(Data below)

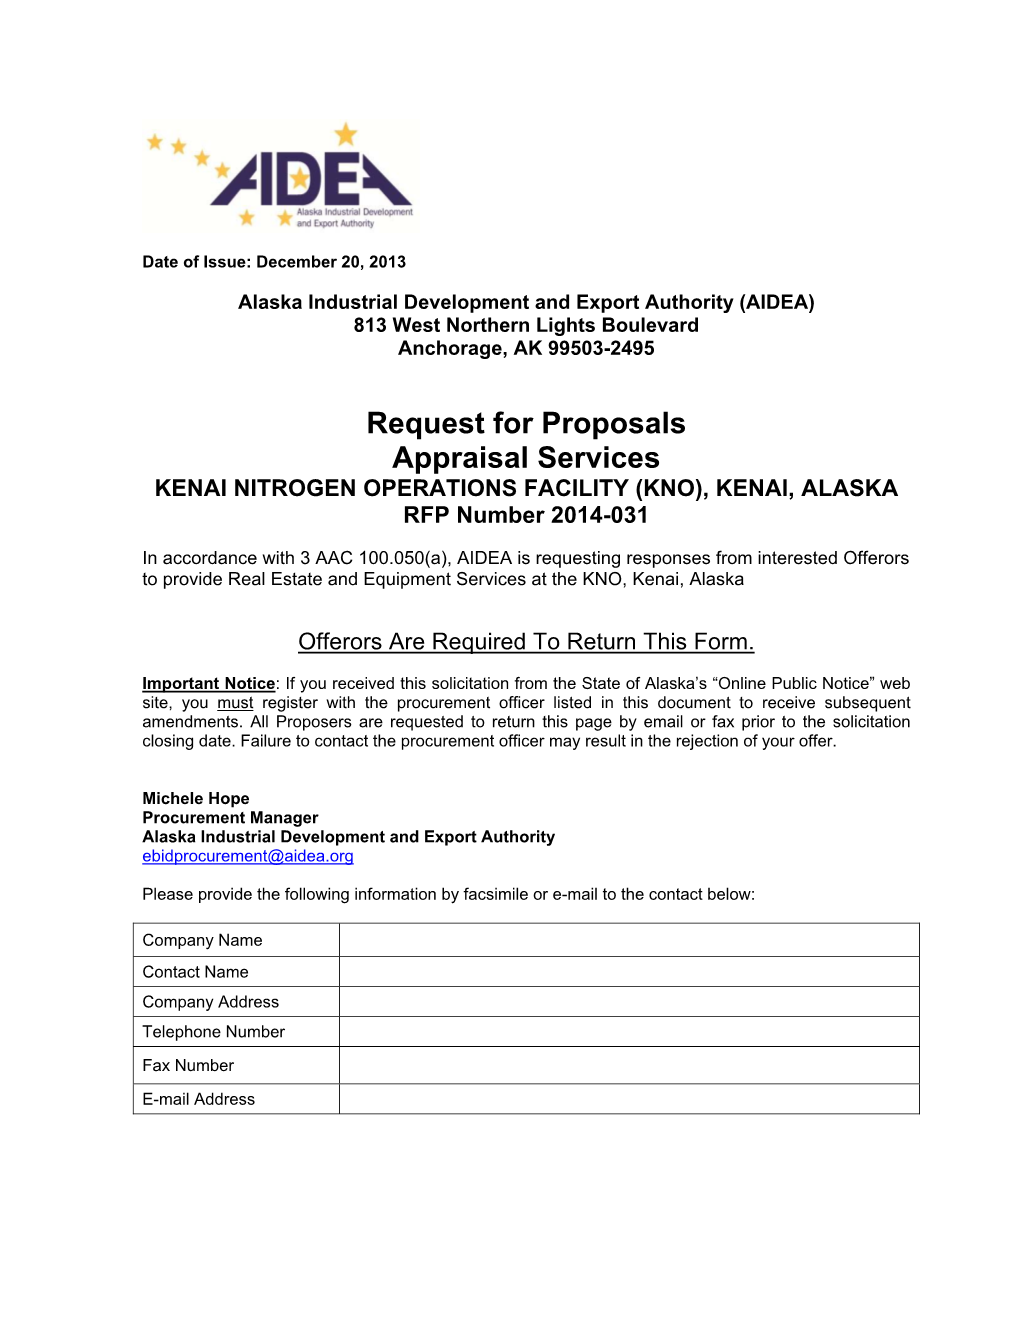 Request for Proposals Appraisal Services KENAI NITROGEN OPERATIONS FACILITY (KNO), KENAI, ALASKA RFP Number 2014-031
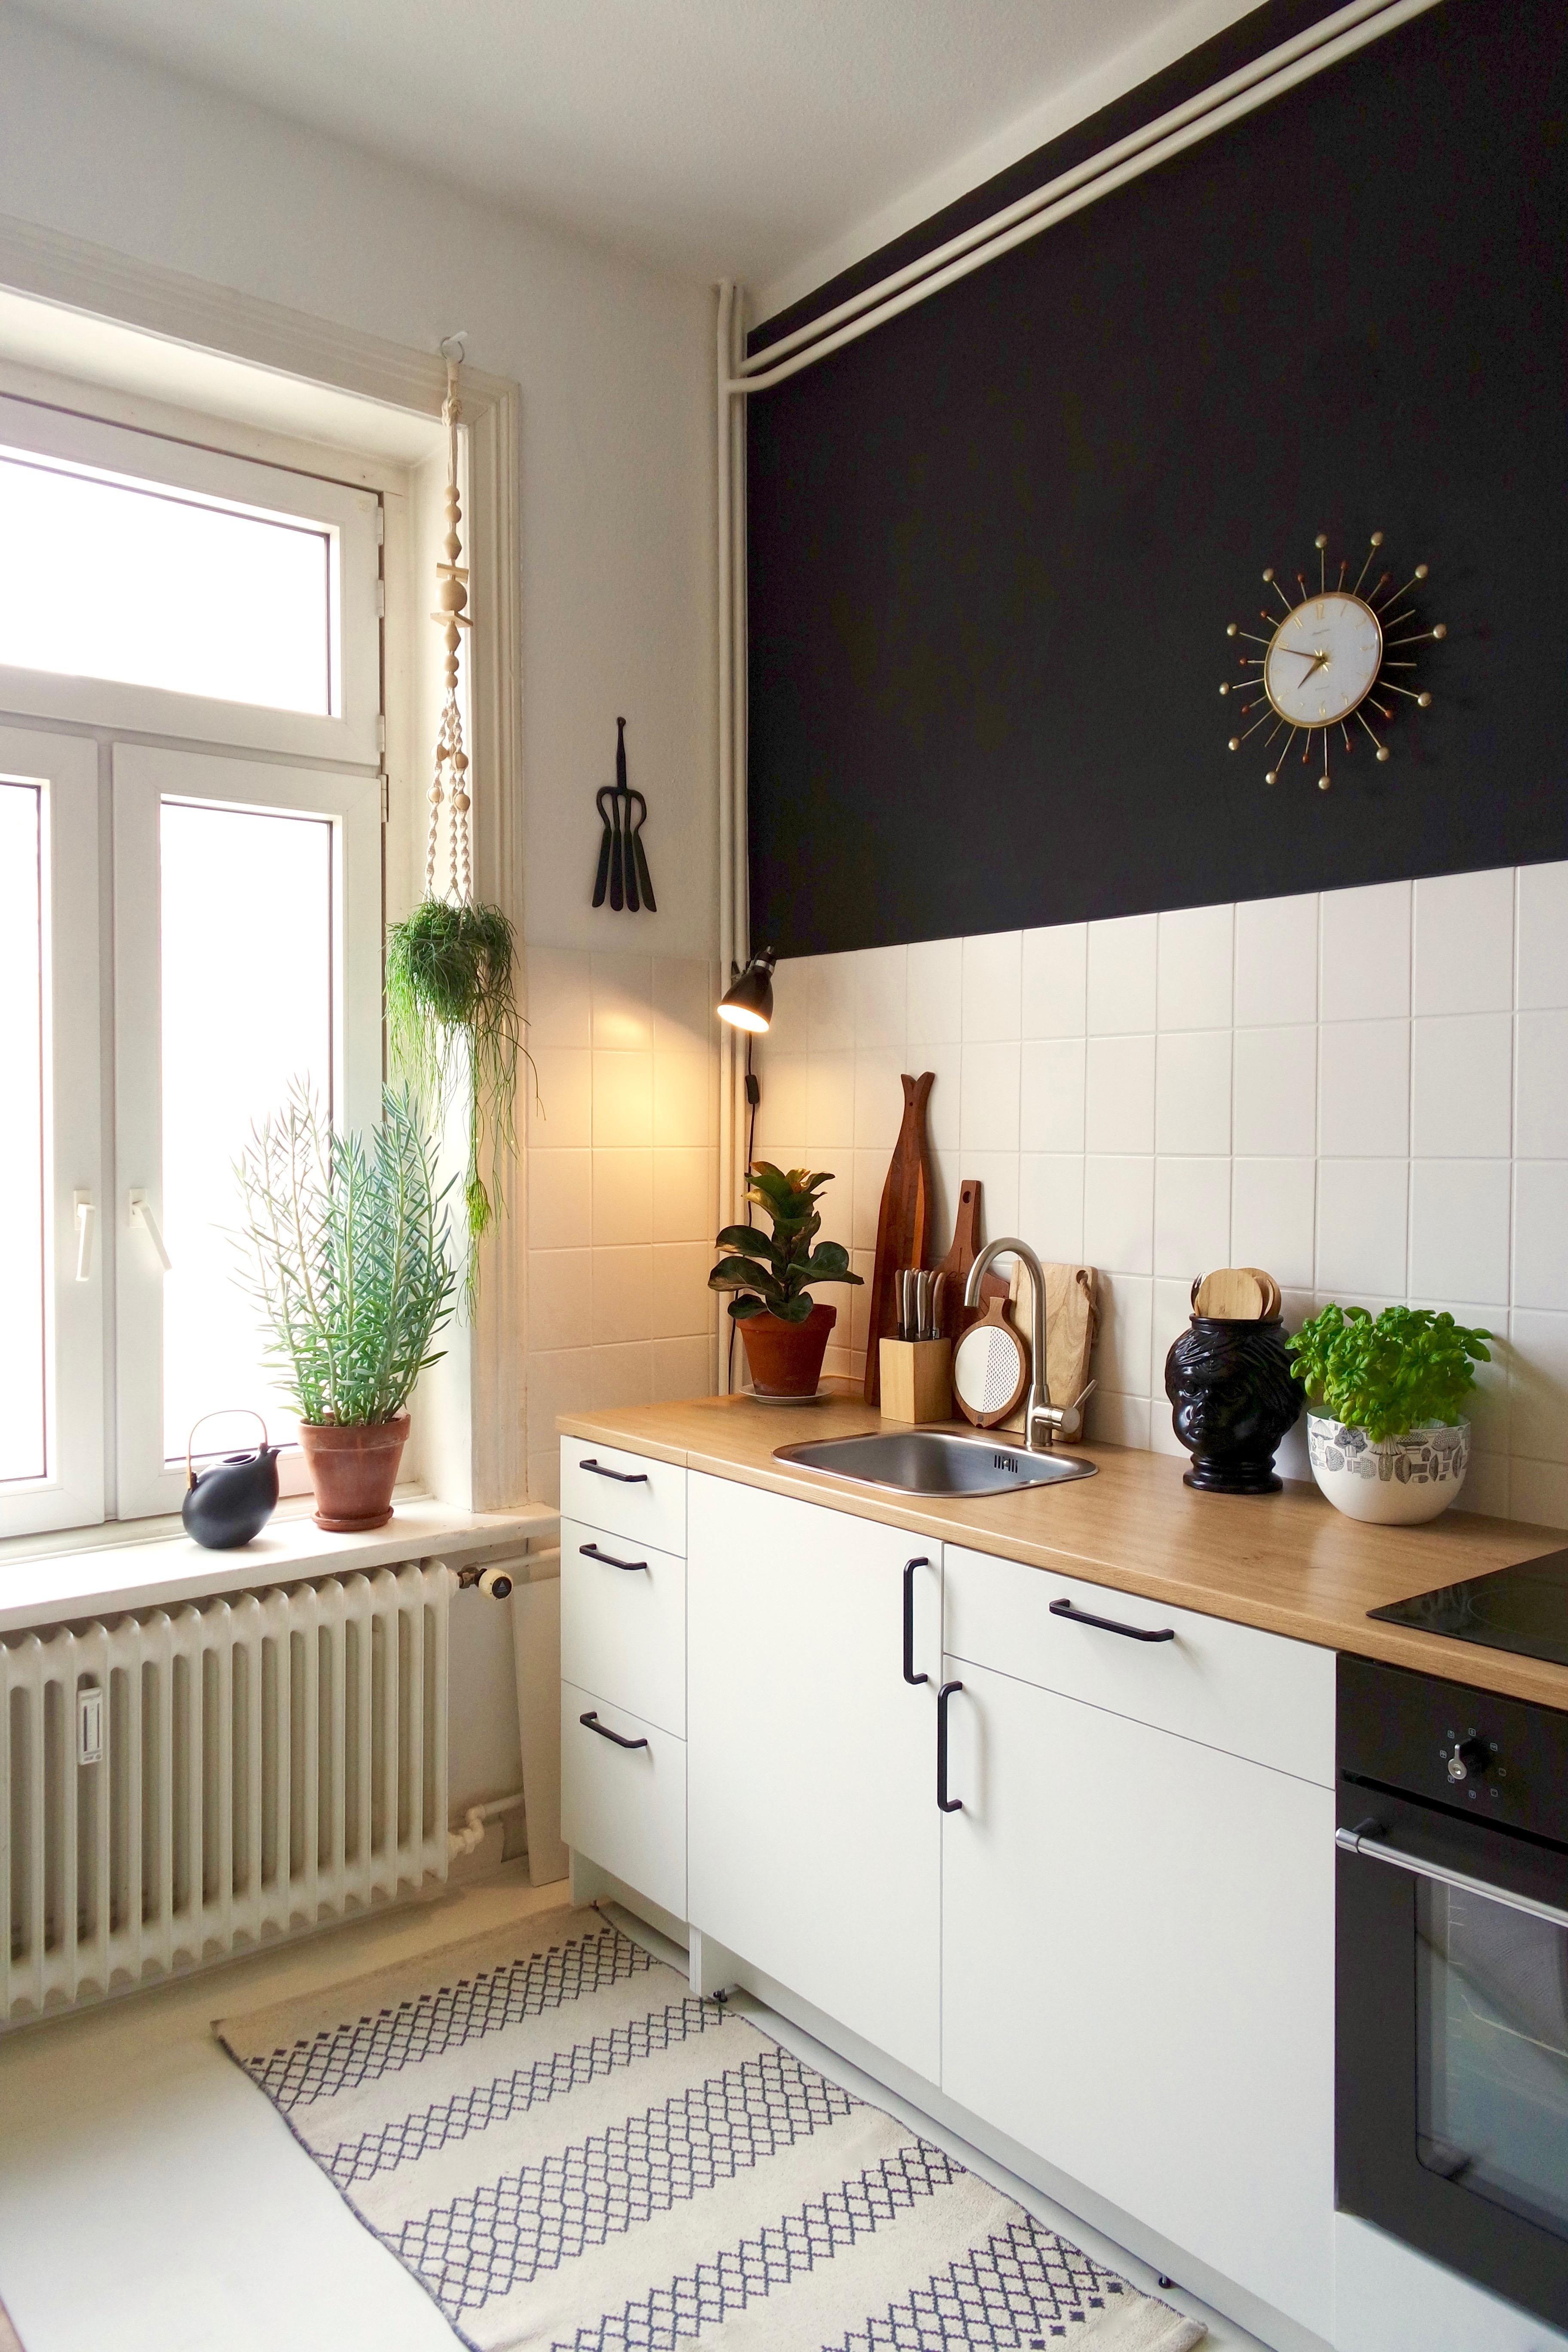 Kitchen View ● 

#danishdesign #vintage #blackwall #altbau #myhome #midcentury

(End Data below)

> _Your assignment_
Output the whole listing again, exactly, without its pictures.

> _Final answer_
 Request for Proposals Appraisal Services KENAI NITROGEN OPERATIONS FACILITY (KNO), KENAI, ALASKA RFP Number 2014-031
 Kitchen View ● 

#danishdesign #vintage #blackwall #altbau #myhome #midcentury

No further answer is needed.